The article does a nice job giving a concrete example.

[vachina]

CORS is amazing for when you want to prevent people from (easily) stealing your bandwidth and hosting resources. Thieves have to stand up their own proxies, which makes them very easily blocked.

[yaur]

It’s not that hard to understand… in the cors threat model an attacker gets one your users to take an action on your site by visiting their site.

[hn_throwaway_99]

> in the cors threat model an attacker gets one your users to take an action on your site by visiting their site

This is really oversimplifying things, incorrectly IMO, and that sentence makes it sound like you're confusing a CSRF vulnerability with CORS protections. Normally when you write a backend server you implement some sort of authentication and access control, and in that scenario the threat model that lets "an attacker gets one your users to take an action on your site by visiting their site" is a CSRF vulnerability, unrelated to CORS.

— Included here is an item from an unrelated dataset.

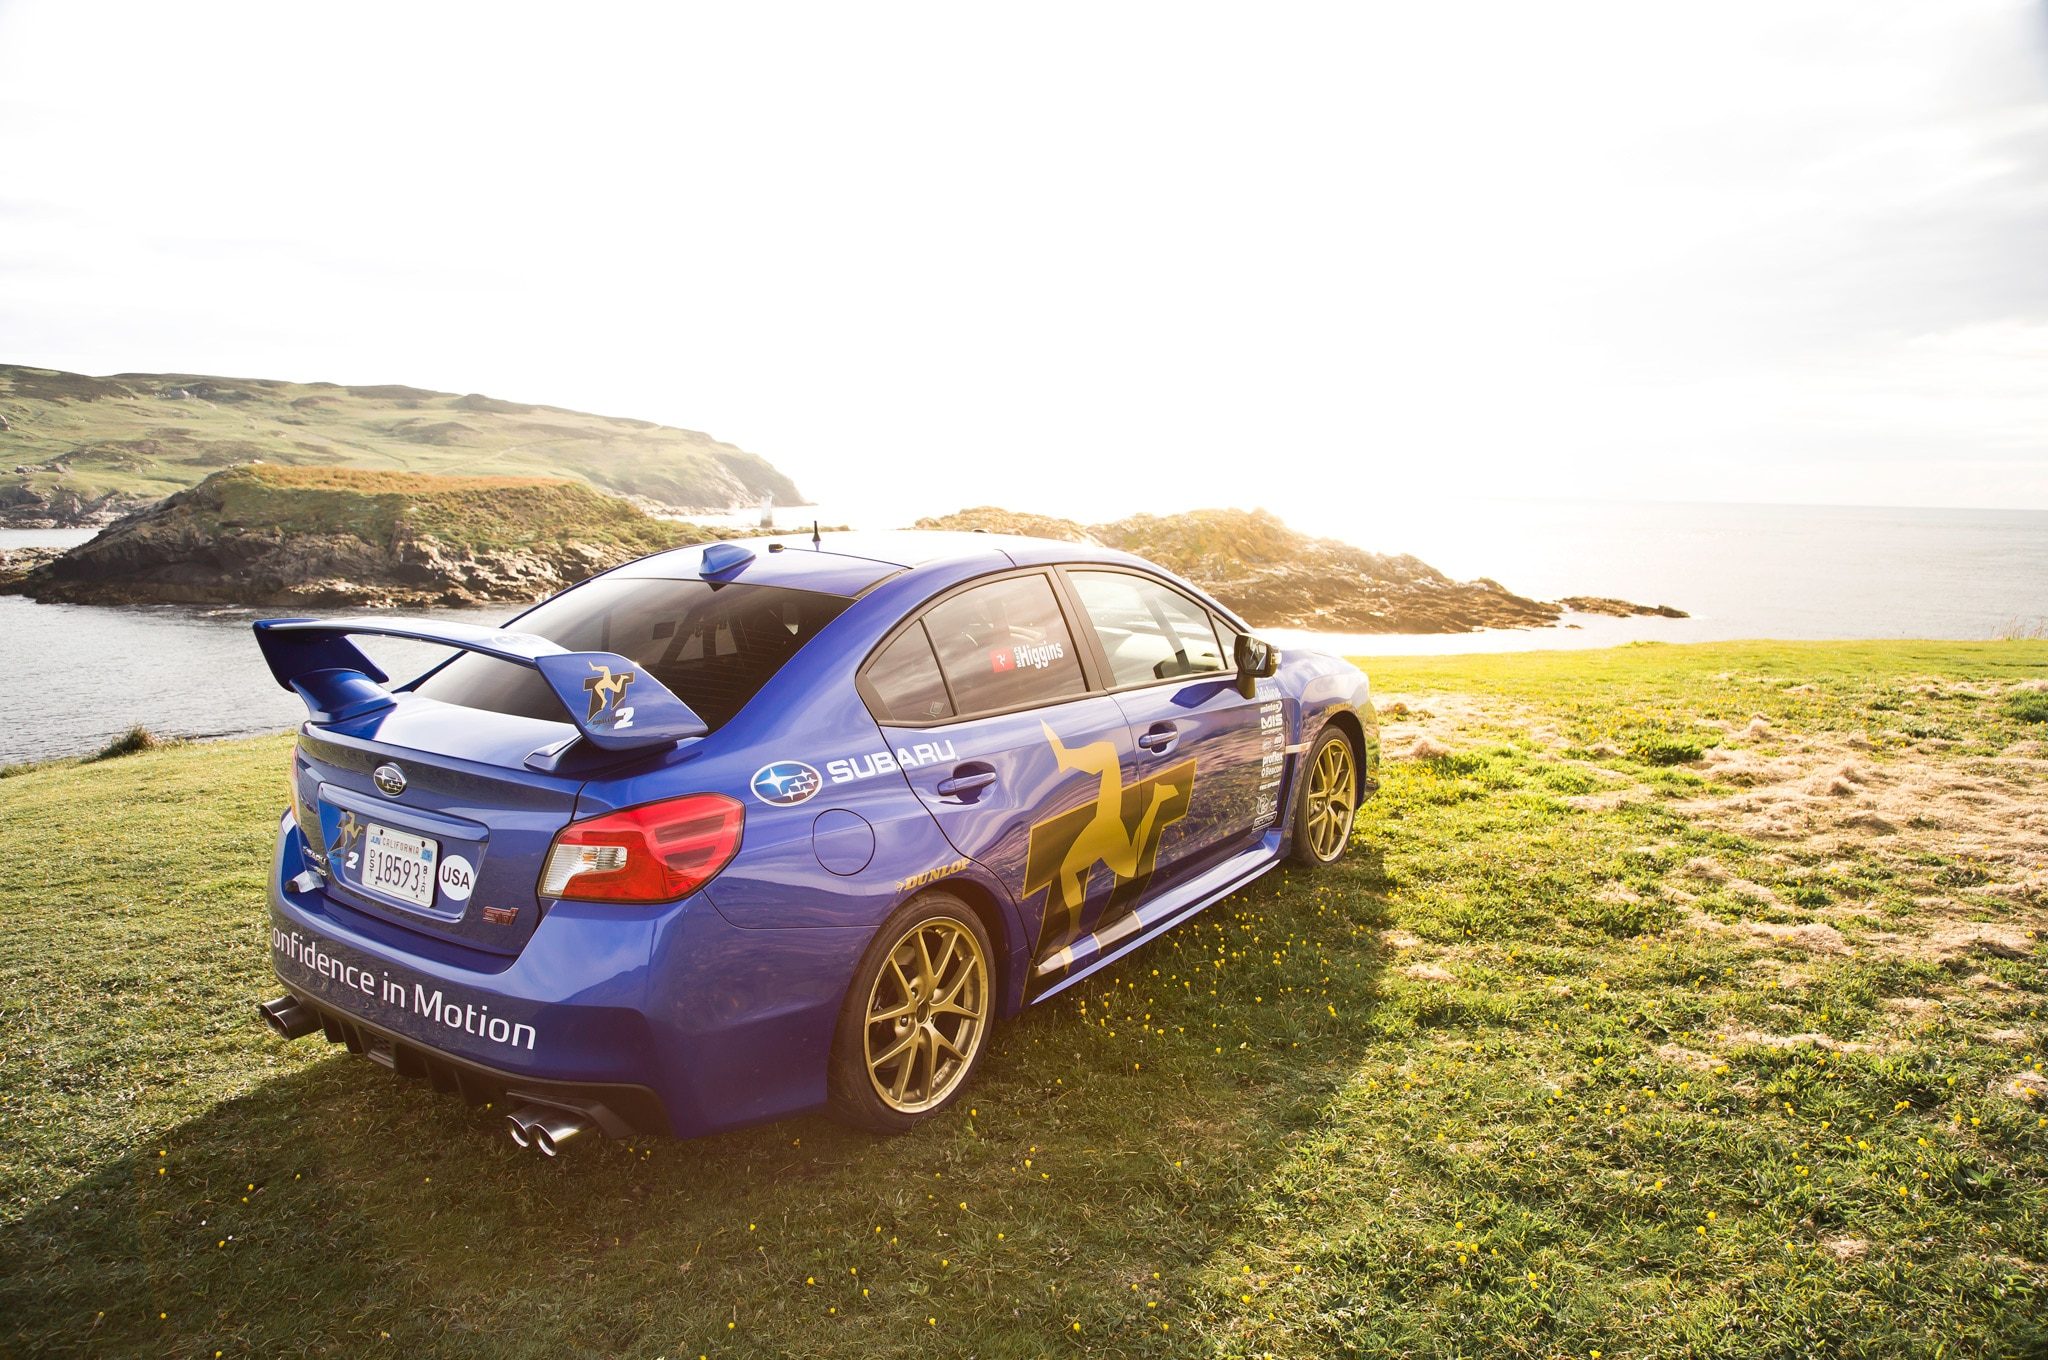 2015-Subaru-WRX-STI-at-Isle-of-Man-rear-side-view-parked.jpg

The scenario presented in TFA is actually a very special case, because the bug is with a webserver running on localhost that doesn't (apparently) implement access control - not something most web apps entail.

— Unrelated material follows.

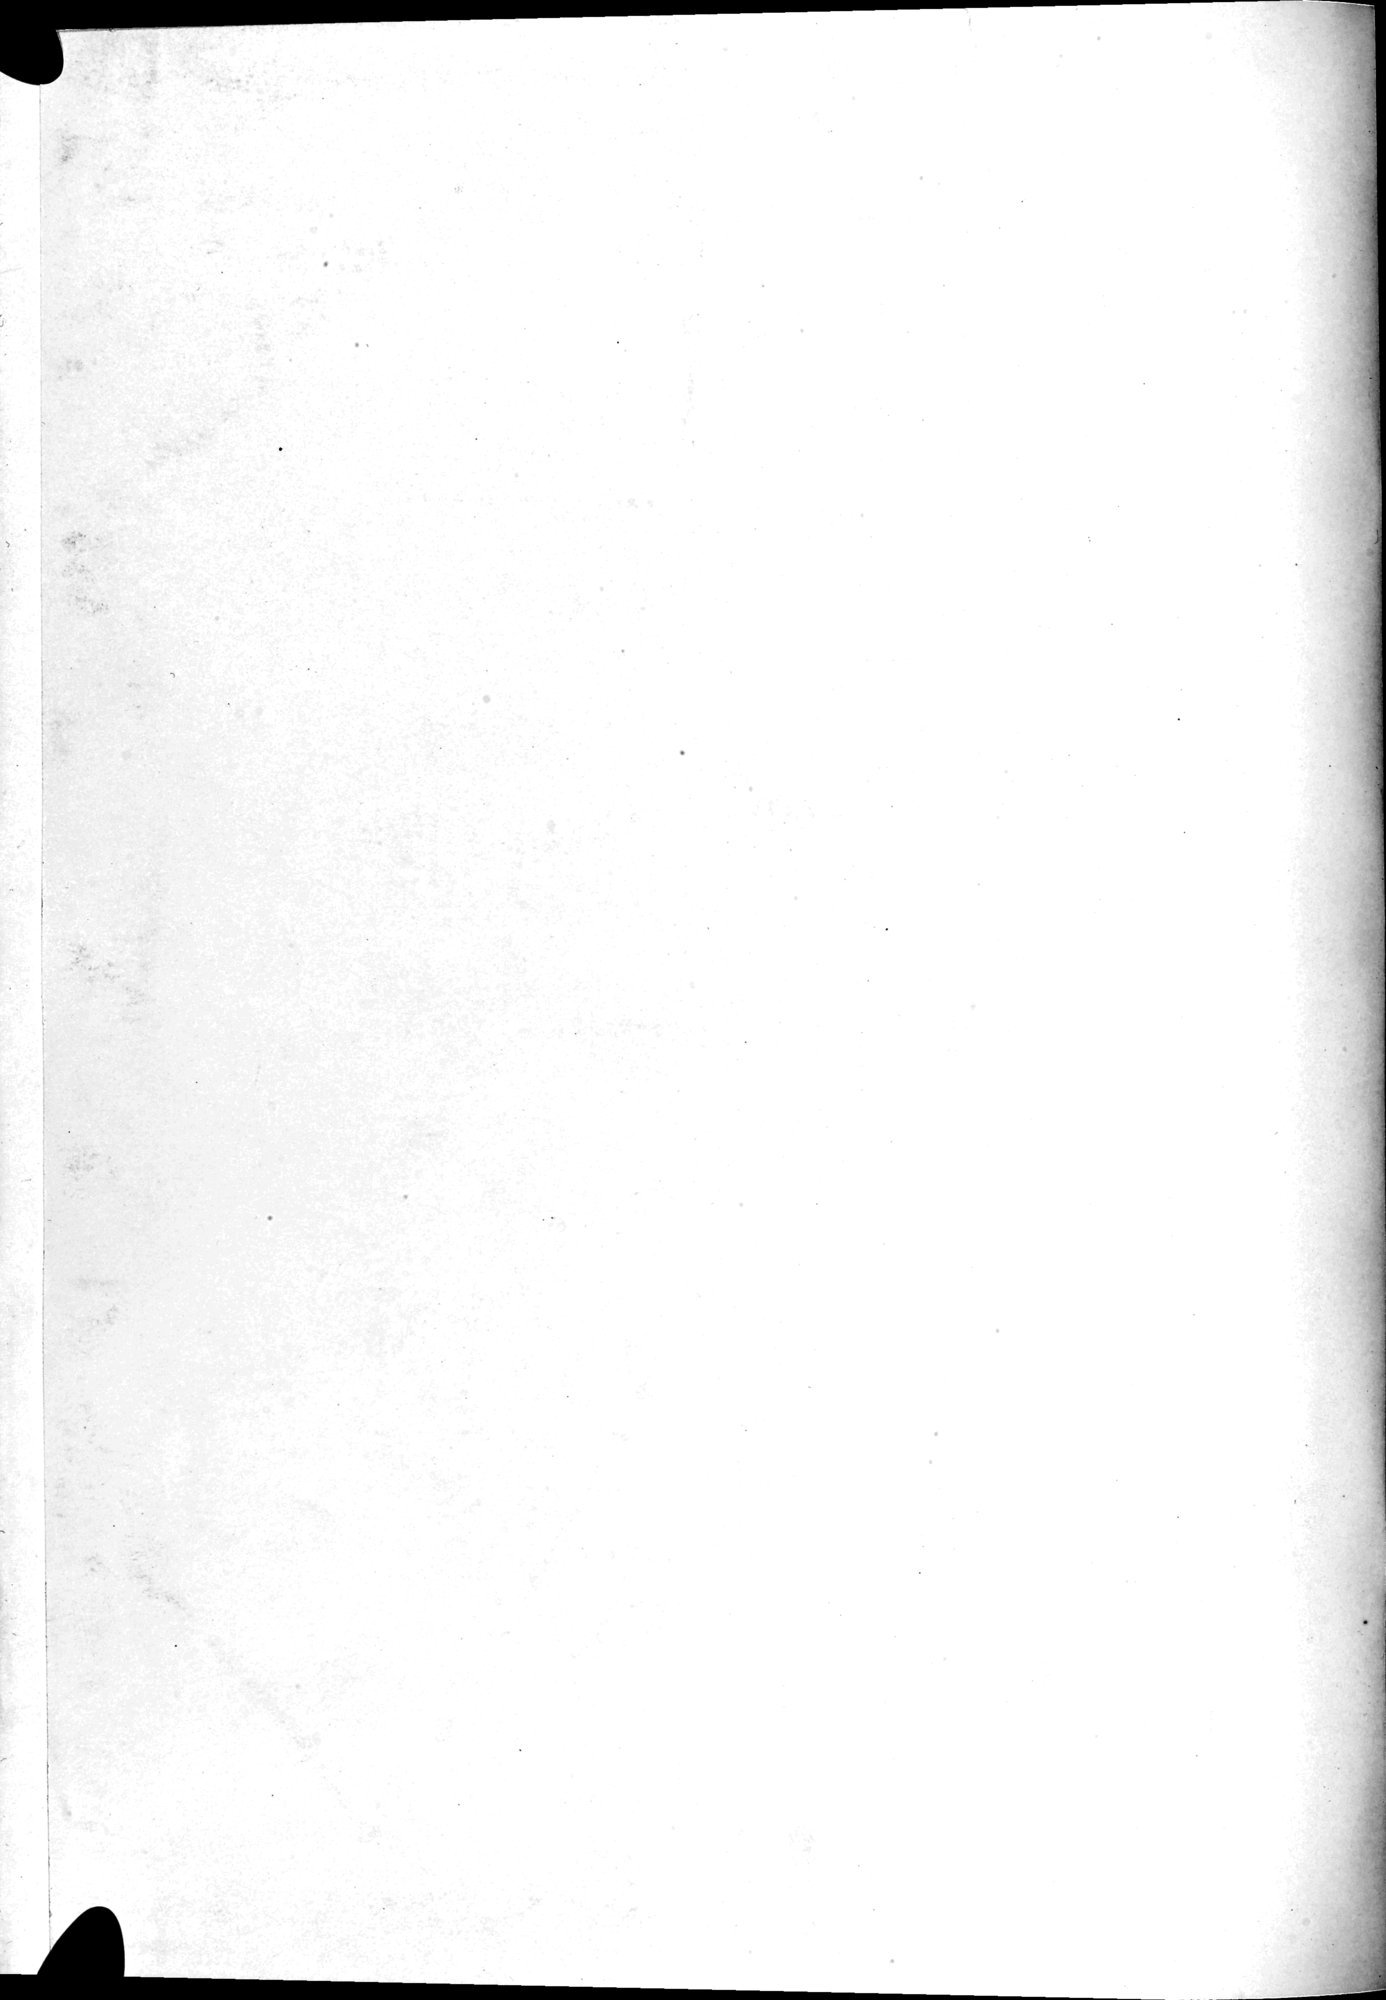 Ot Kiakhty na Istoki Zheltoi Rieki : vol.1 / Page 4 (Grayscale High Resolution Image)

In fact, one of the parts that confuses a lot of people is that CORS rules only prevent the JavaScript web client from reading the response from a remote endpoint - if the endpoint is available on the public Internet then anyone can still make a request to it.

The other thing that is confusing about CORS is that browsers already let you load lots of resources from cross origin servers - you can load images (as TFA points out that Zoom did as a workaround), scripts, stylesheets, form submissions, etc. The one thing you can't do, unless the server implements the appropriate CORS headers, is make a cross origin fetch request from JavaScript.

[ctidd]

All CORS does is allow for selective loosening of anti-CSRF controls. CORS is a mechanism for a service to tell a client “I’m CSRF-resistant” so that that the client doesn’t need to protect its user as tightly when interacting with that service.

[webstrand]

Isn't CSRF about forging mutating requests? CORS doesn't block the underlying GET/POST request, the request still goes through and the server still needs to properly implement CSRF prevention. CORS just prevents javascript from reading the response.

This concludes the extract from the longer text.